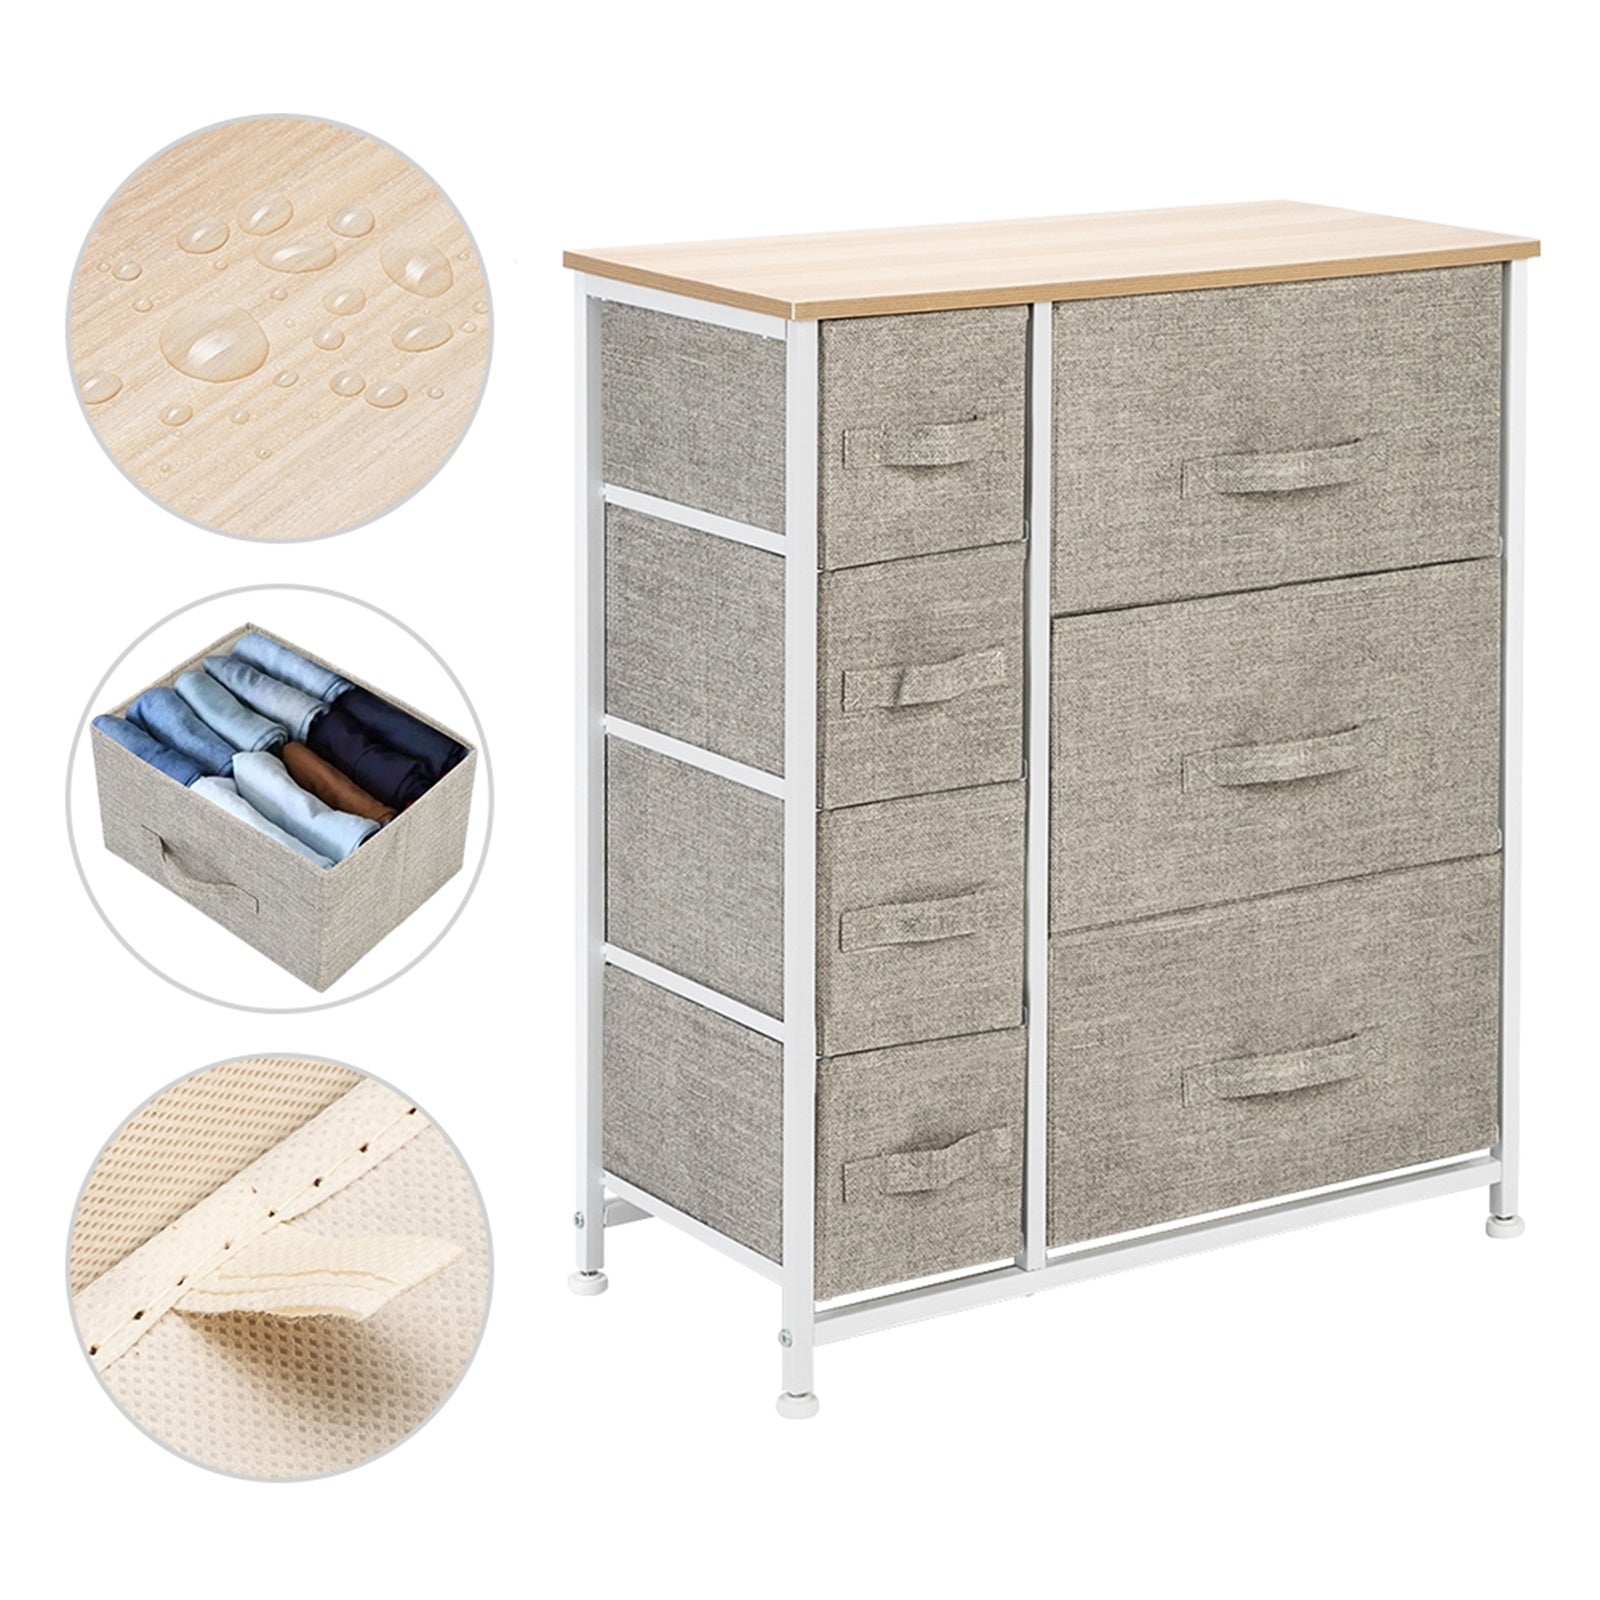 Dresser With 7 Drawers - Furniture Storage Tower Unit For Bedroom, Hallway, Closet, Office Organization - Steel Frame, Wood Top, Easy Pull Fabric Bins RT
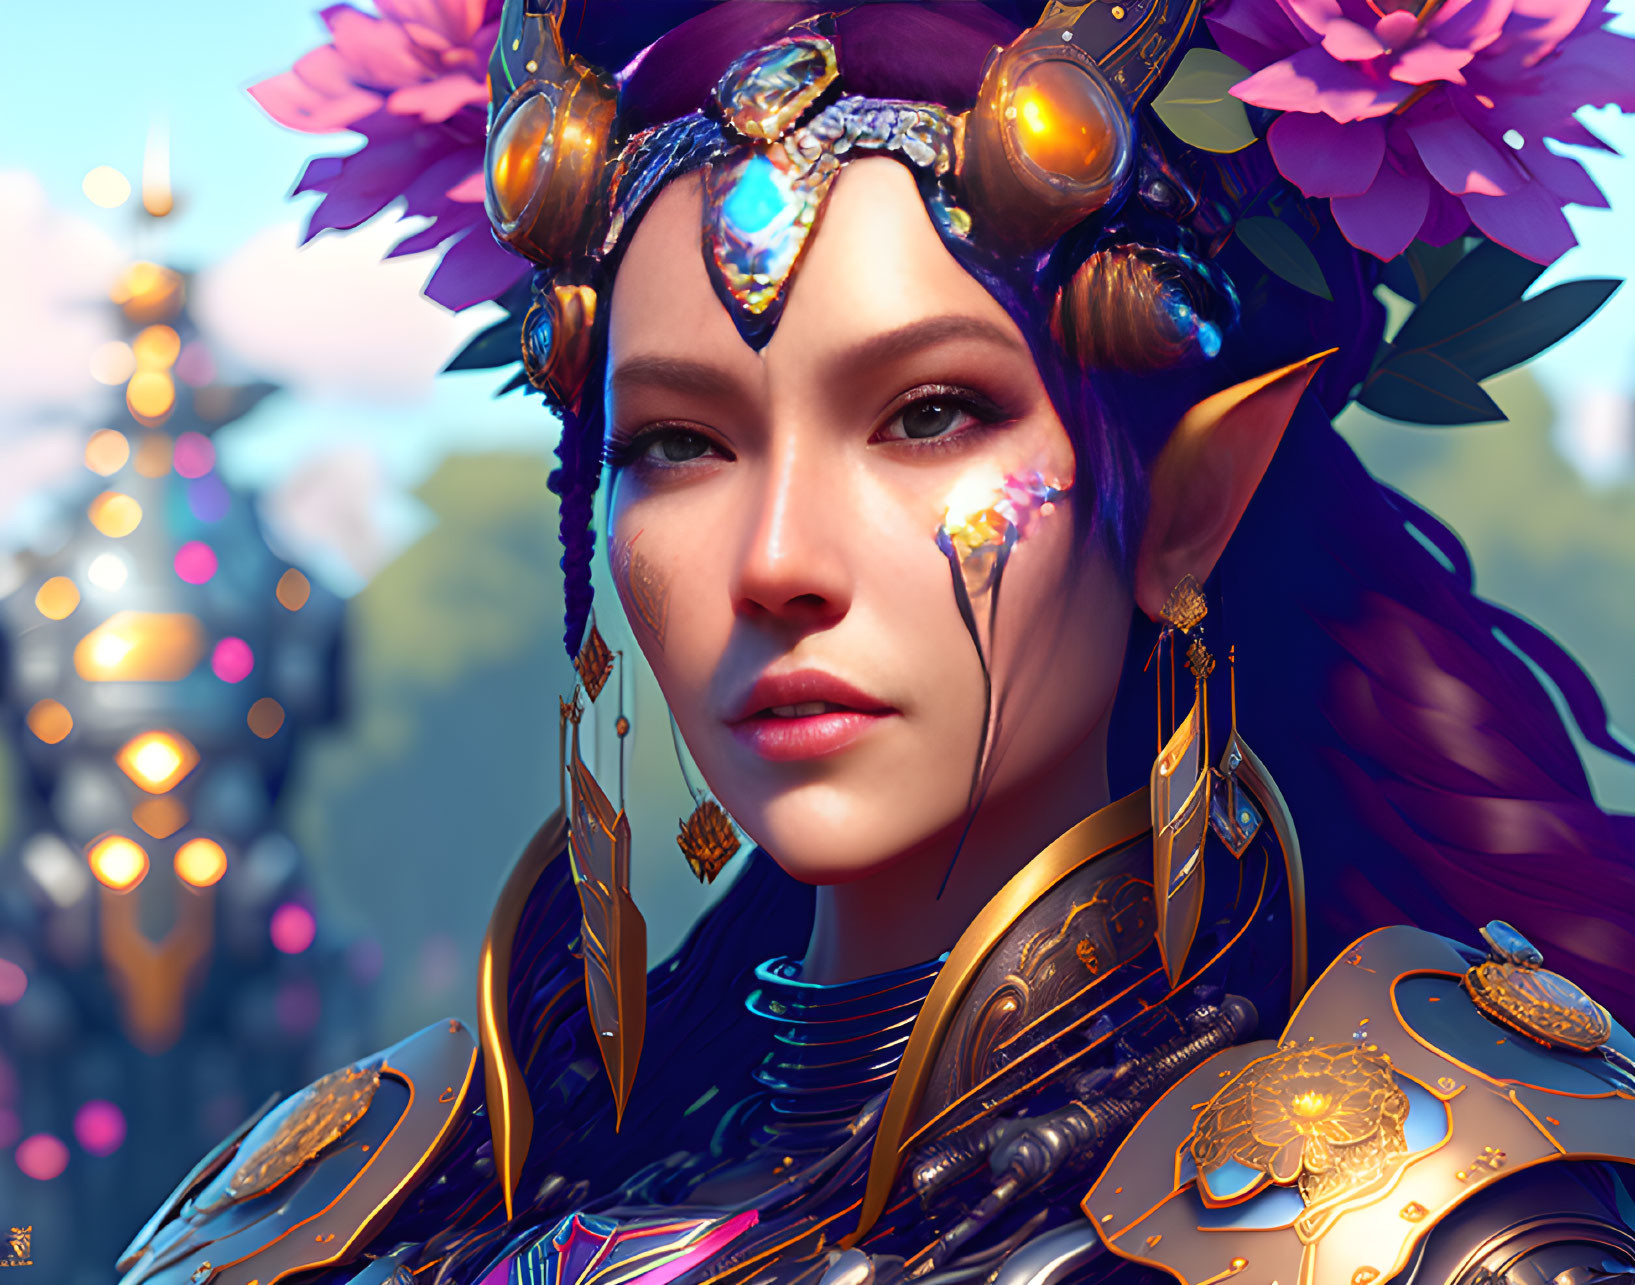 Fantasy female character with pointed ears and golden armor in digital artwork
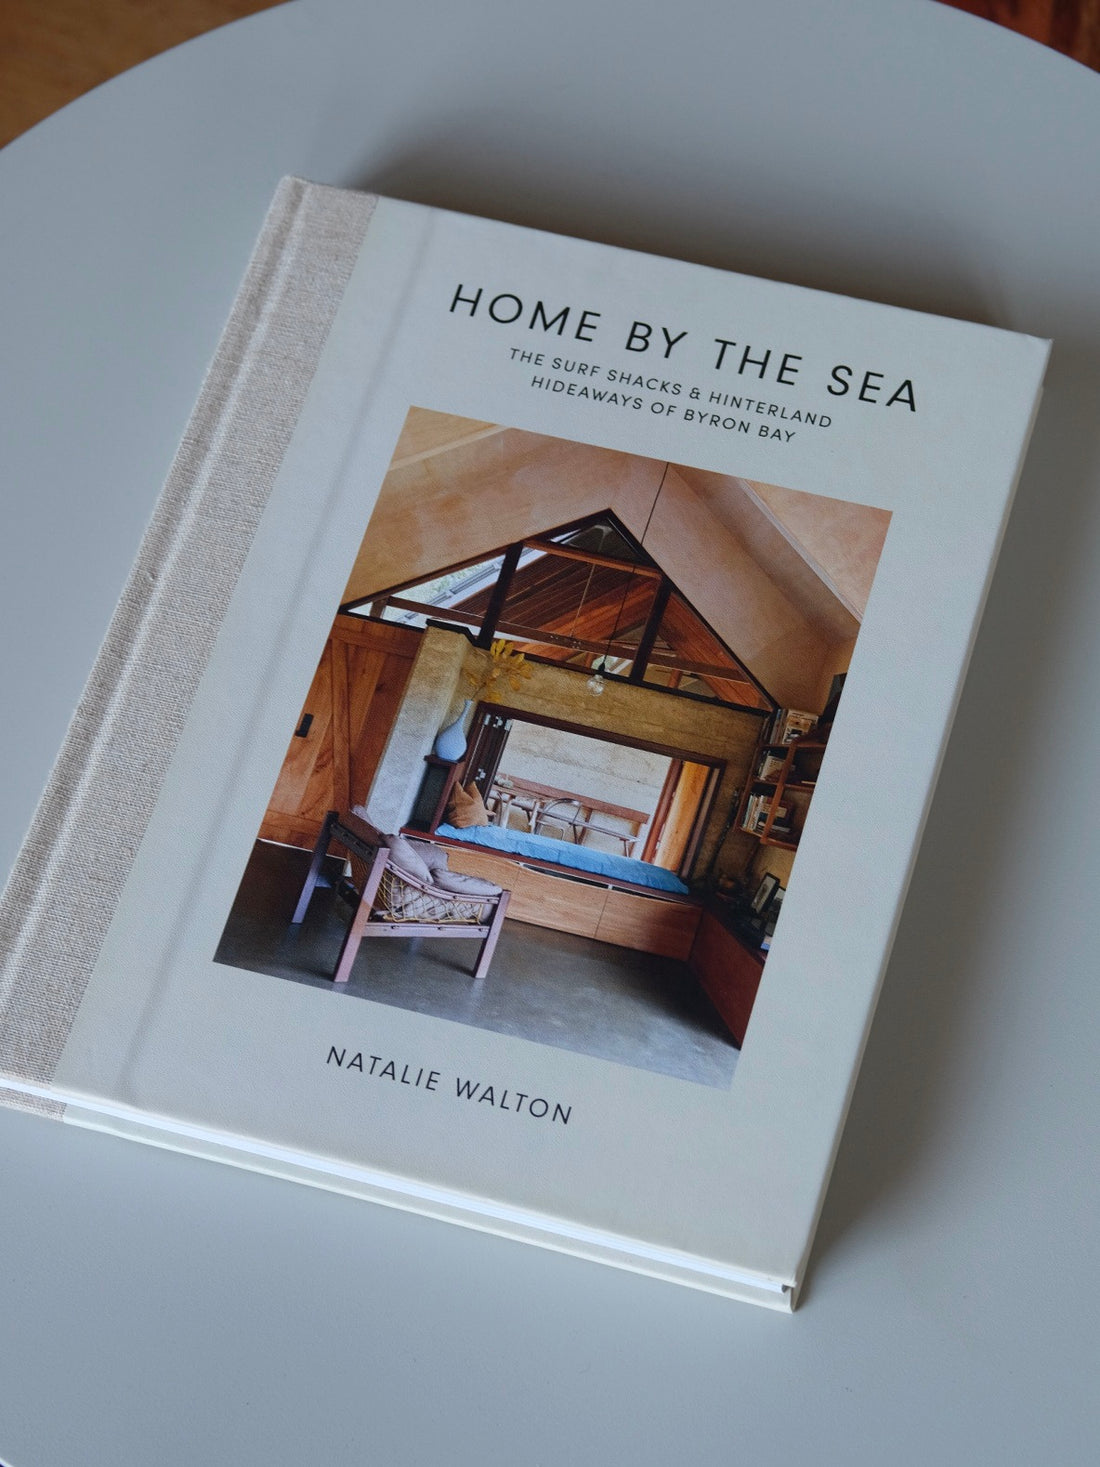 Home by the Sea by Natalie Walton
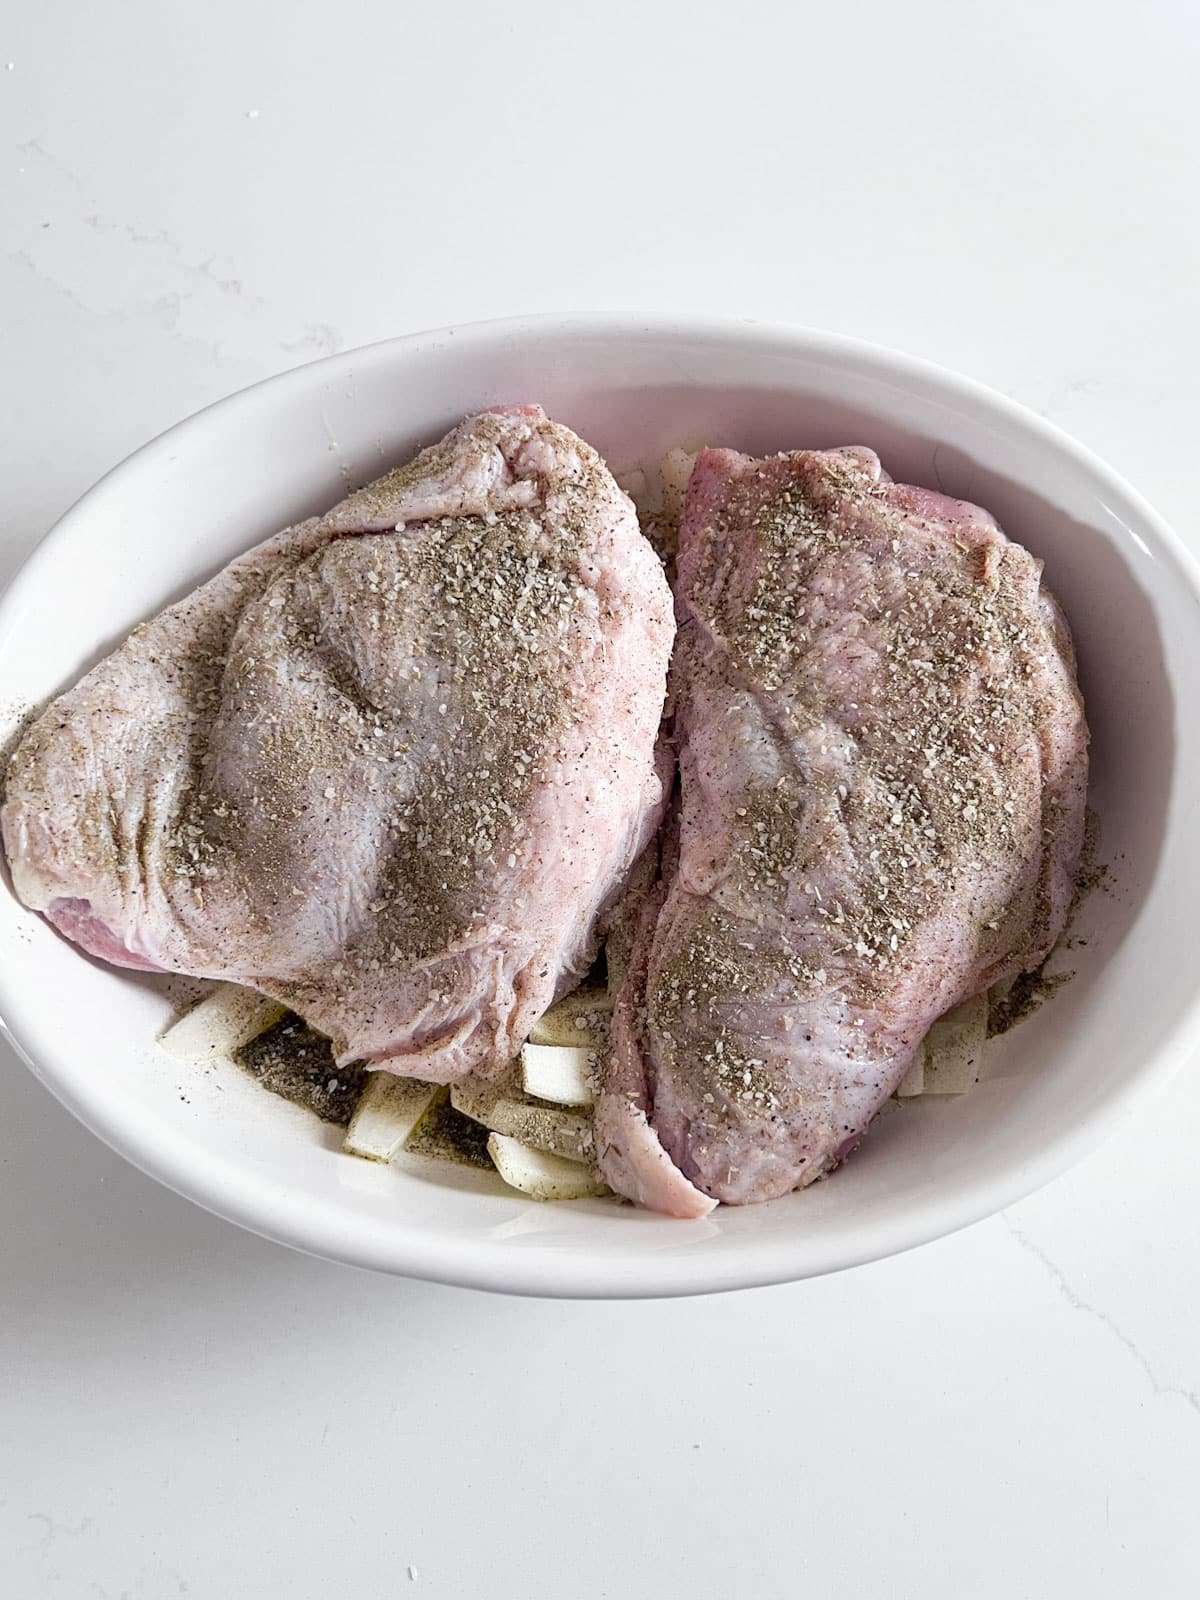 Raw turkey thighs with seasoning on them in the white oval baking pan.

━━━━━━━━━━

▸ **Your assignment**
Only the lines from the one containing "Home by the Sea by Natalie Walton" through the last line of the data above, both included, belong in the reply, each restated exactly and without pictures.

▸ **Response**
 Home by the Sea by Natalie Walton
 Raw turkey thighs with seasoning on them in the white oval baking pan.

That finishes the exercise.